The Endless Summer Tour was the third headlining concert tour by American recording artist Lana Del Rey in support of her third studio album, Ultraviolence (2014). The tour began on May 7, 2015, in The Woodlands, Texas and concluded on June 16, 2015, in West Palm Beach, Florida finishing with a total of twenty shows over the span of two months. The first seven shows of the tour were supported by fellow alternative rock singer Courtney Love, while the majority of the remaining tour dates were supported by synthpop singer and producer, Grimes. Most of the tour dates were sold out instantly.

Lana Del Rey performed songs from Born to Die, Paradise, and Ultraviolence, in addition to some previously unreleased songs, and covers.
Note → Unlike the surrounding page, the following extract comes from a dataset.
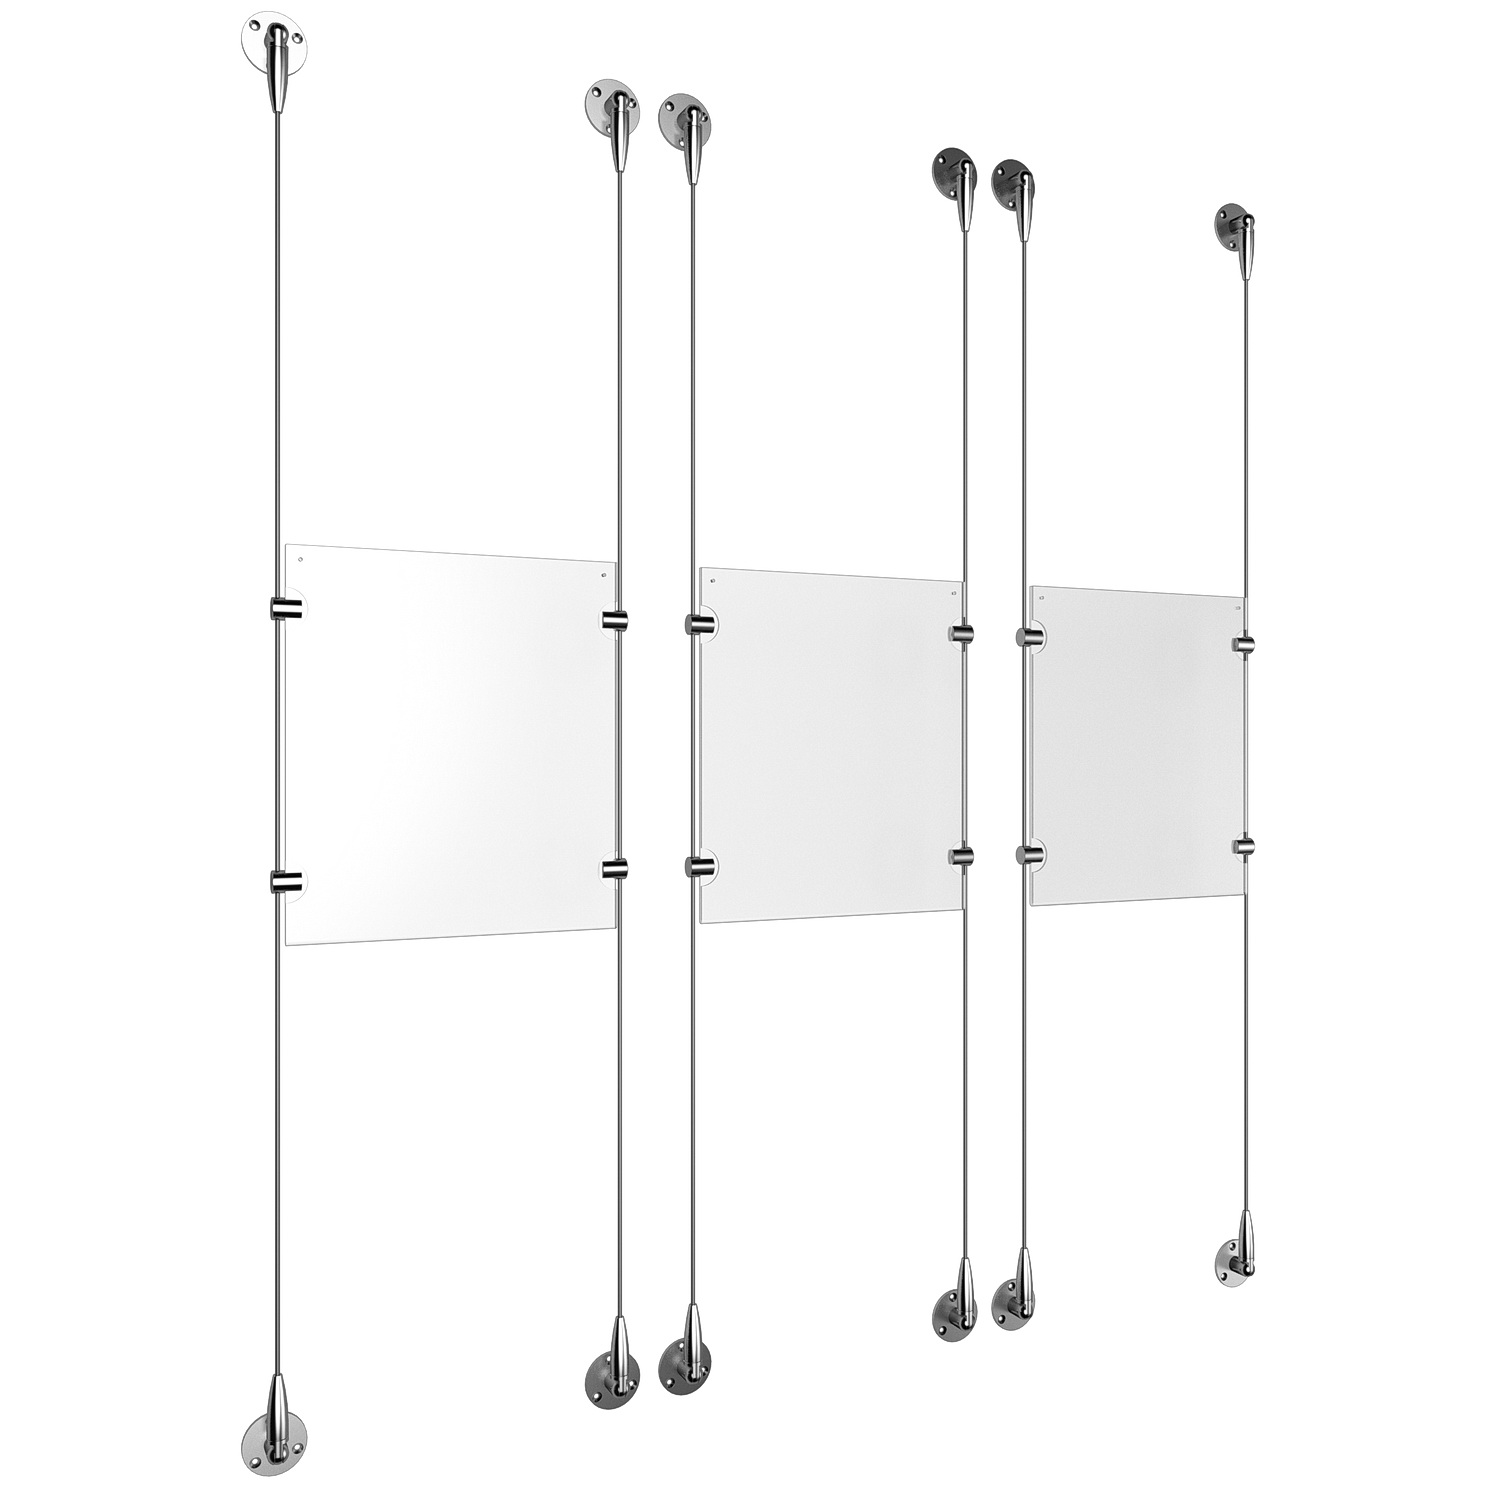 (3) 8-1/2'' Width x 11'' Height Clear Acrylic Frame & (6) Stainless Steel Satin Brushed Adjustable Angle Signature 1/8'' Cable Systems with (12) Single-Sided Panel Grippers

By the end of 2015, the tour placed at number 156 on Pollstars "2015 Year-End Top 200 North American Tours" list, grossing $6 million from 16 shows.

Background 

Prior to the release of Ultraviolence (2014), Del Rey performed a series of concerts across North America in April and May 2014. Included in this slew of concerts were two performances at the Coachella Valley Music and Arts Festival, the first in which Del Rey premiered "West Coast", the lead single off of Ultraviolence. After the release of Ultraviolence, Del Rey then went on to perform at various music festivals across Europe during June, July, and August 2014 before canceling the remainder of her promotional concerts due to health issues. After recovering from her illness, Del Rey went on to finish her promotional concert tour by performing two shows at the Hollywood Forever Cemetery in Los Angeles in October 2014. After the completion of the promotional tour, there was much speculation as to if there would be a proper concert tour in support of the singer's latest studio album.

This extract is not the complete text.